= EXERCISE =
Your output should be the lines from the one containing "Dear bed I love" through the last line below, both ends included, exactly as written and free of pictures.

= EXERCISE DATA =
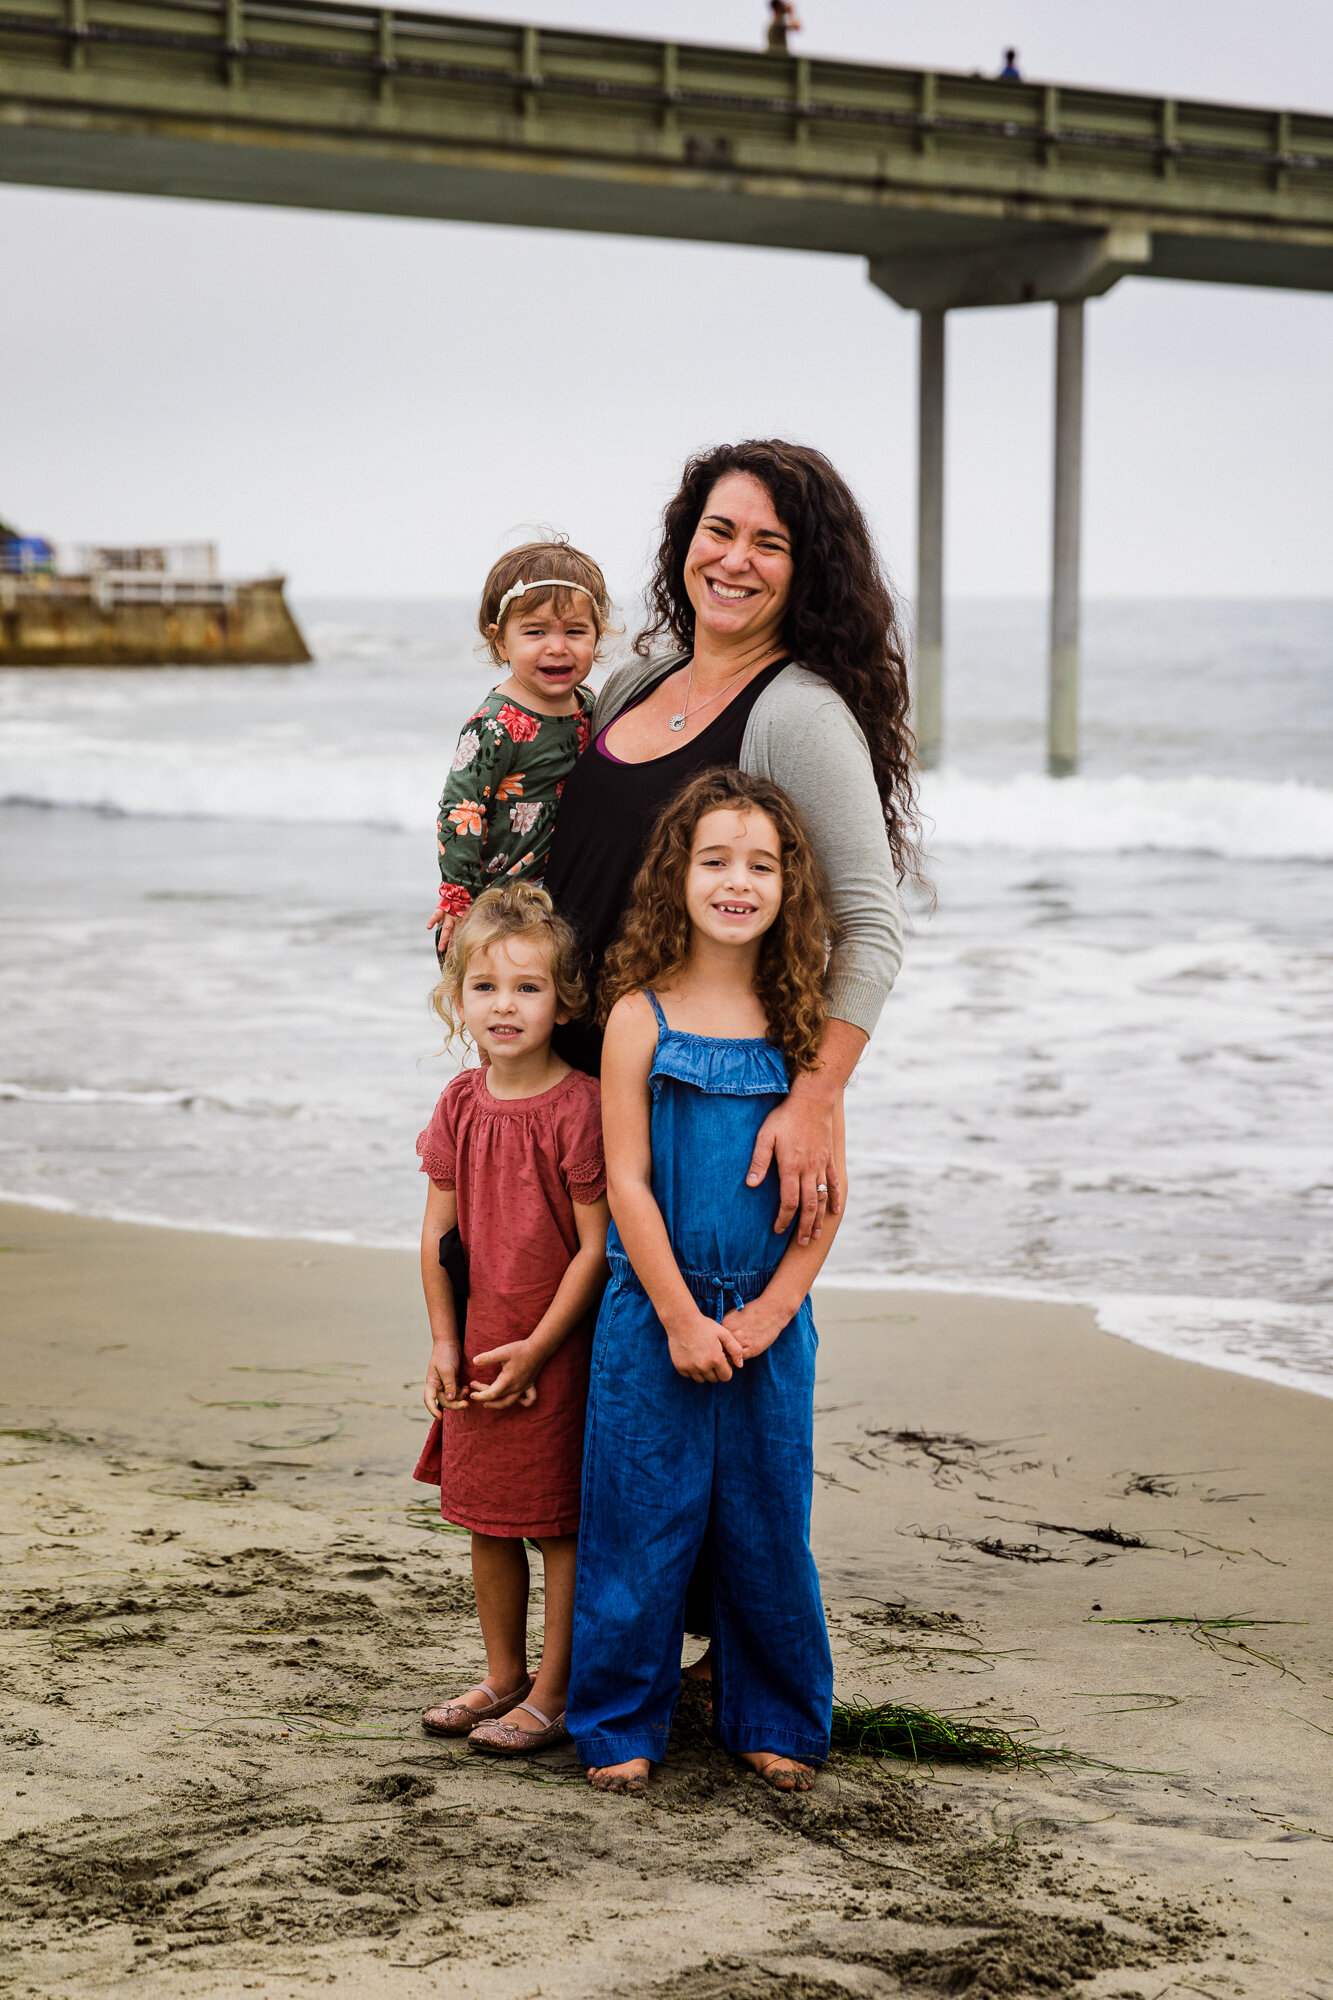 Family Portrait Photography Session at Ocean Beach Pier, San Diego, California-61.jpg
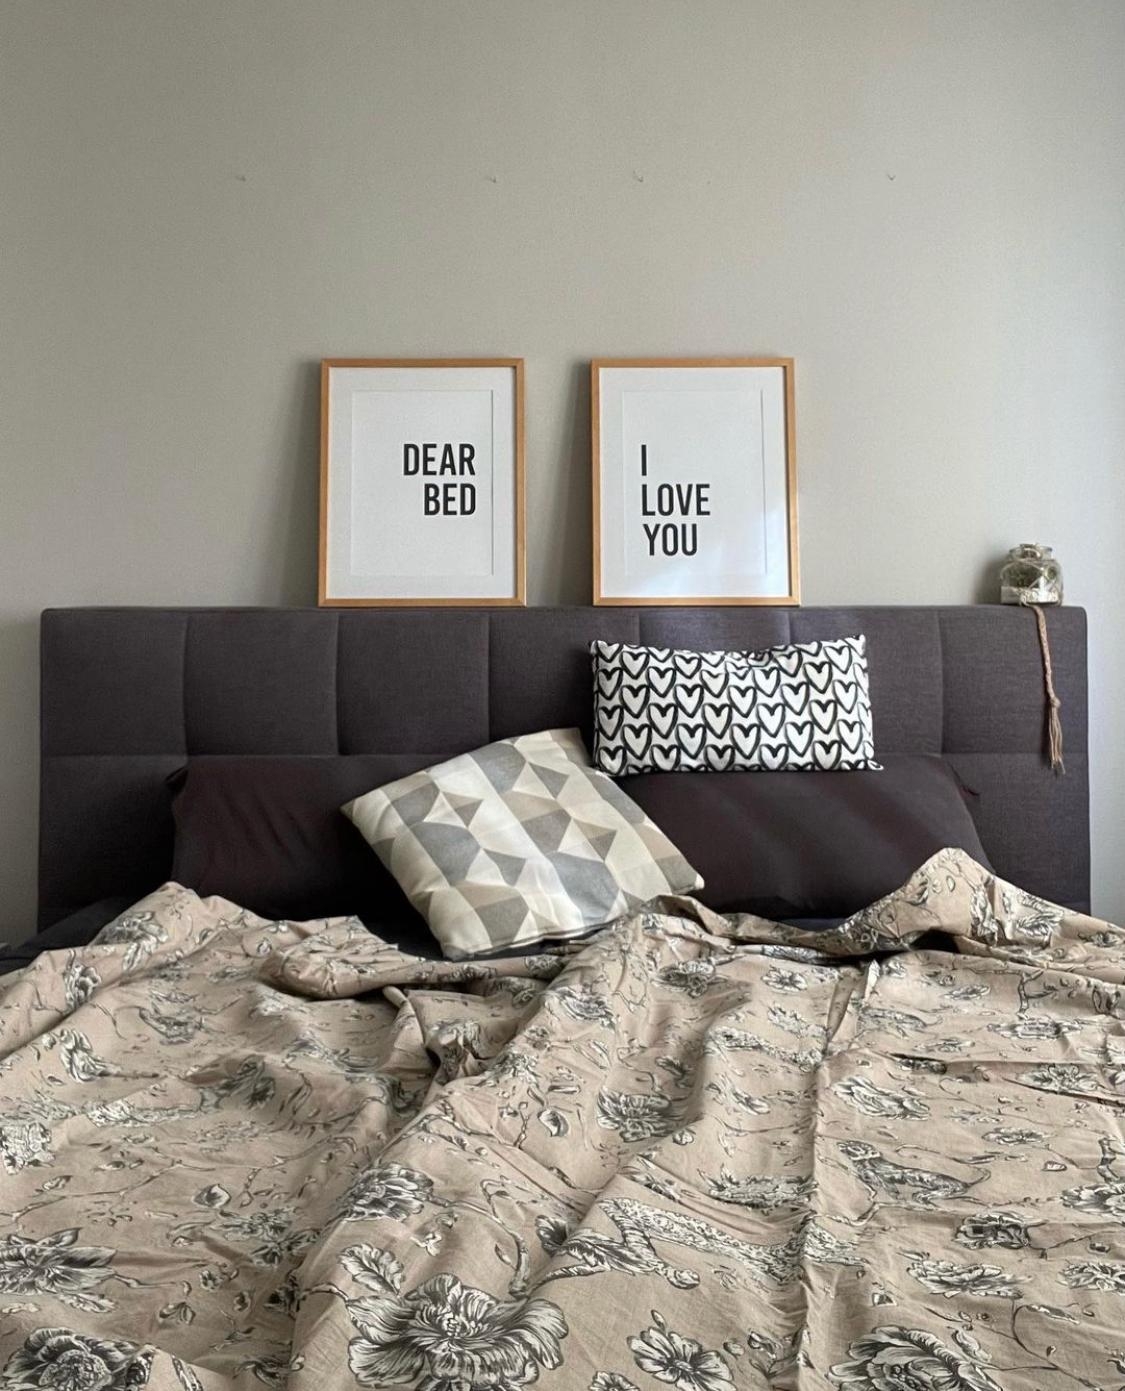 Dear bed I love you! #schlafzimmer #bett #bedroom #poster #dekoration #grau
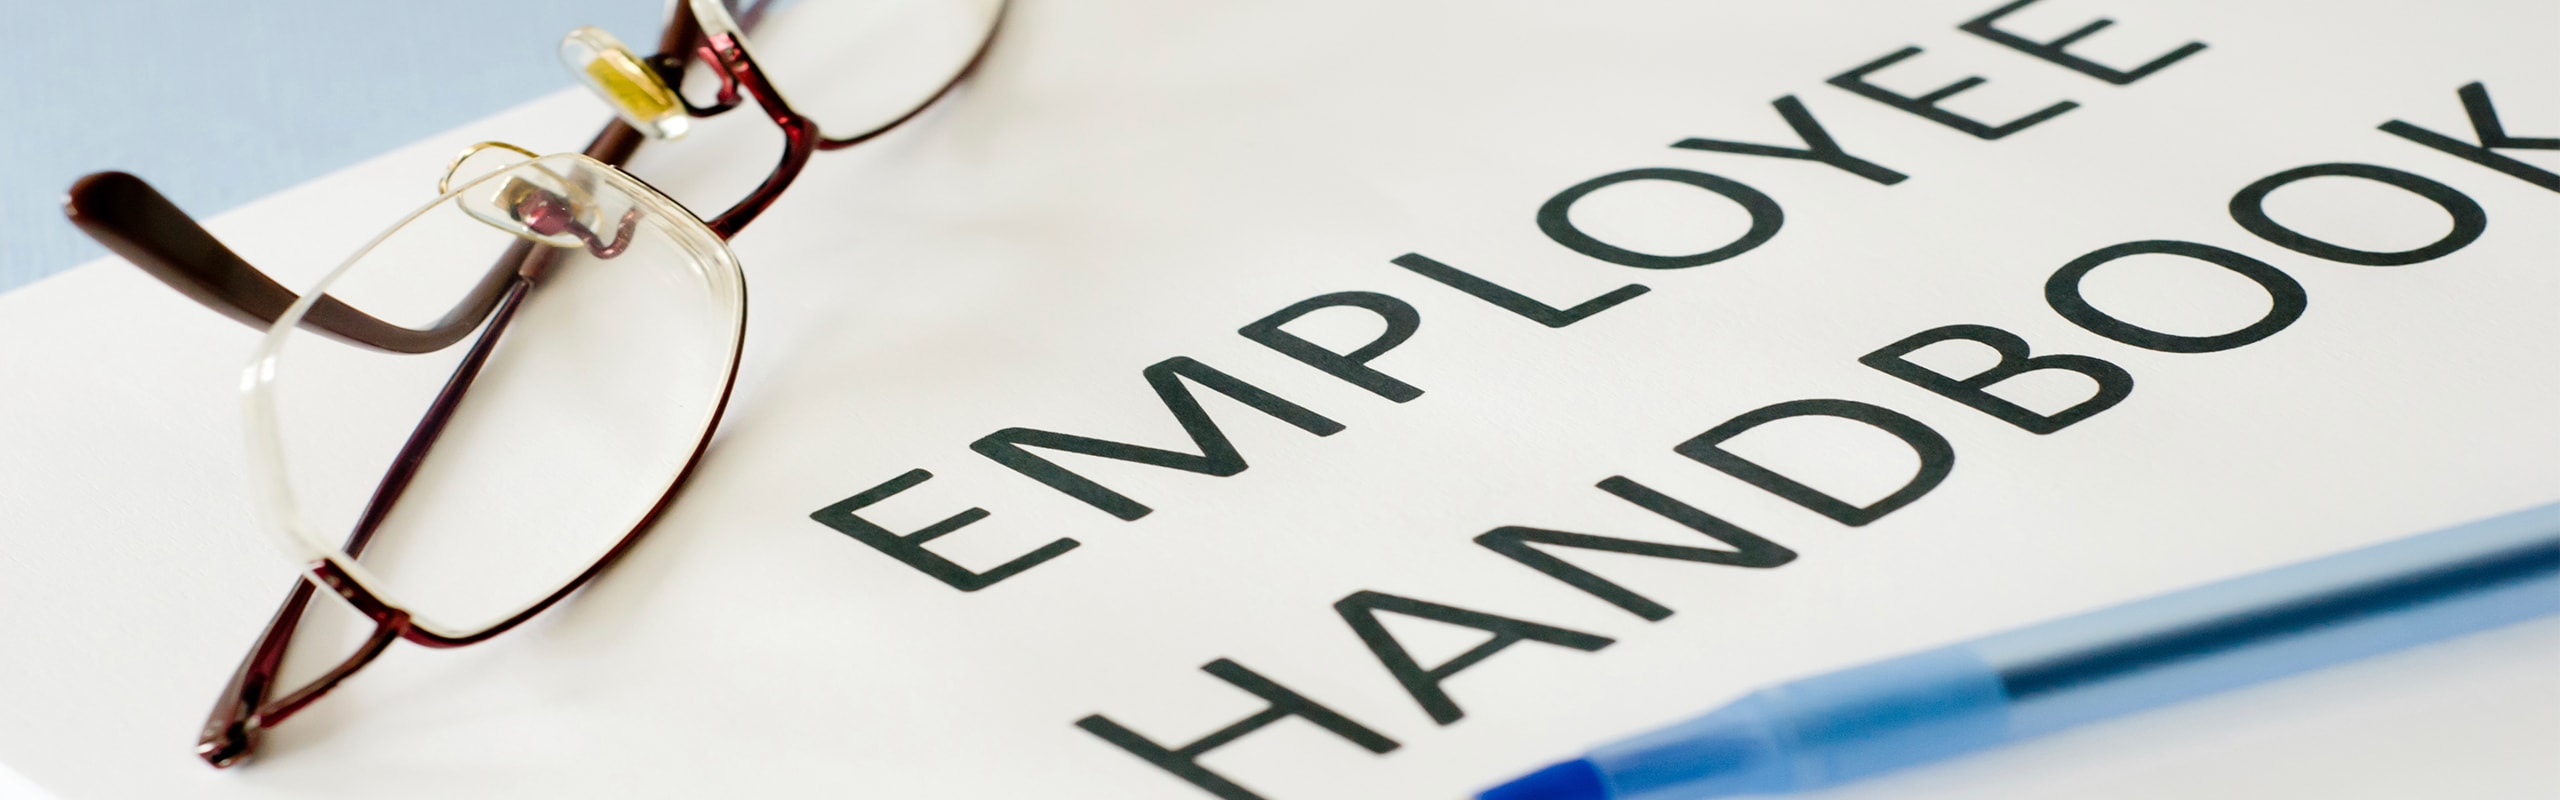 Why you need an employee handbook
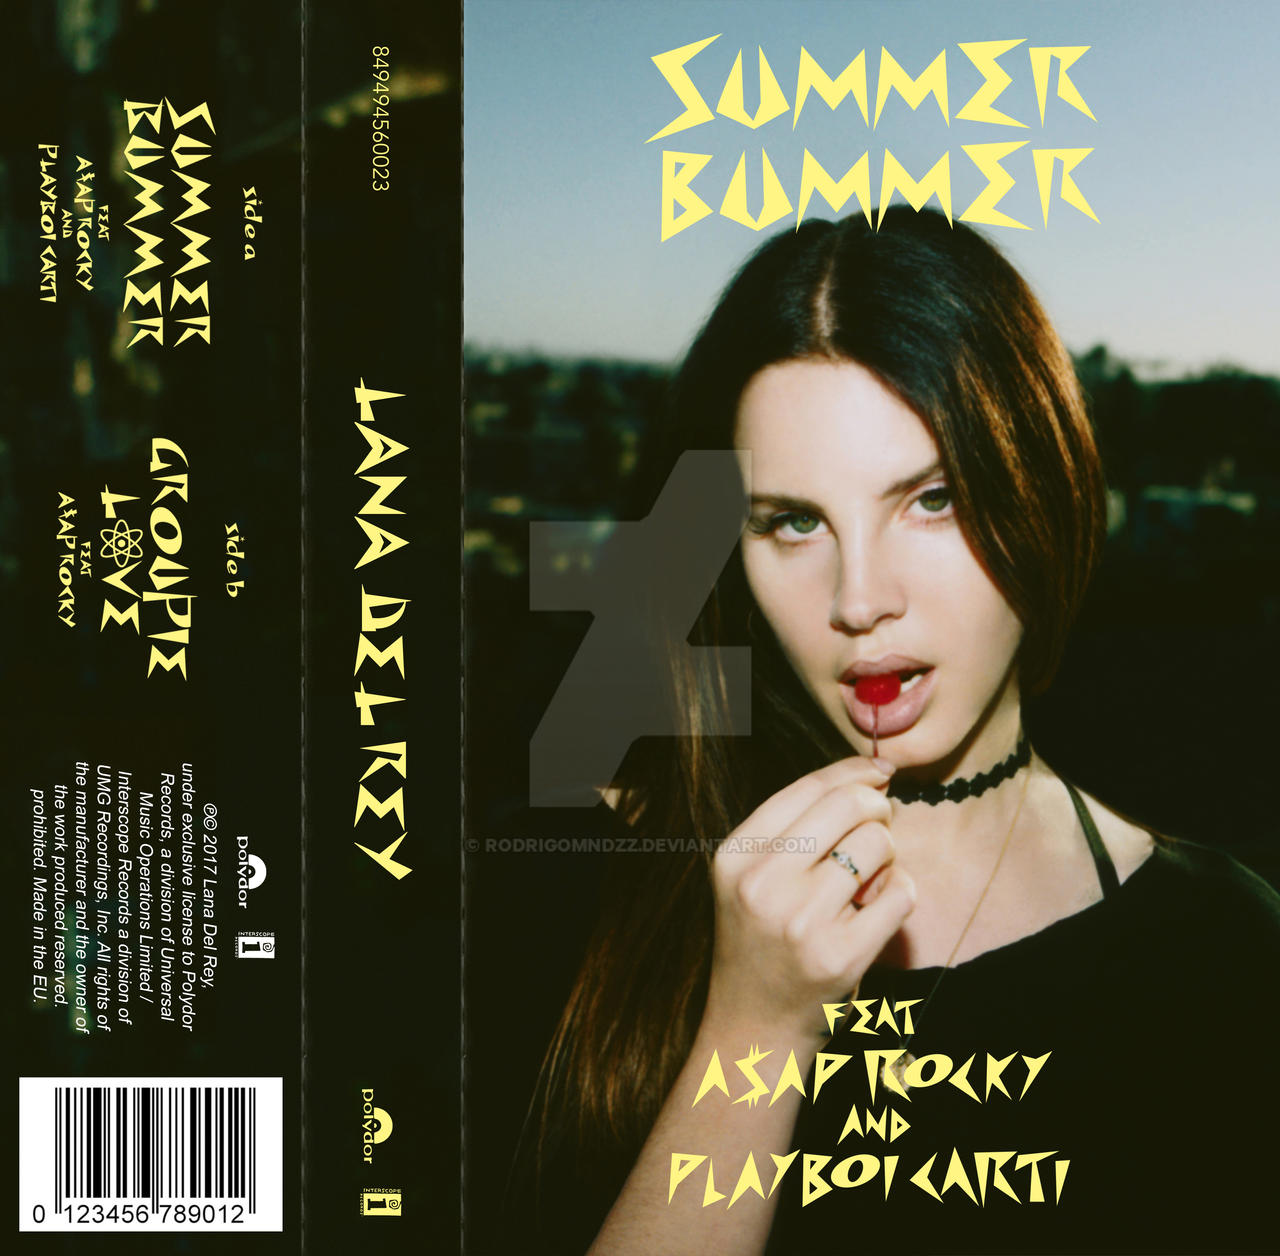 LDR - Summer Bummer/Groupie Love  Cassette Cover by rodrigomndzz on  DeviantArt

= TASK SOLUTION =
 Dear bed I love you! #schlafzimmer #bett #bedroom #poster #dekoration #grau
 Why you need an employee handbook
 LDR - Summer Bummer/Groupie Love  Cassette Cover by rodrigomndzz on  DeviantArt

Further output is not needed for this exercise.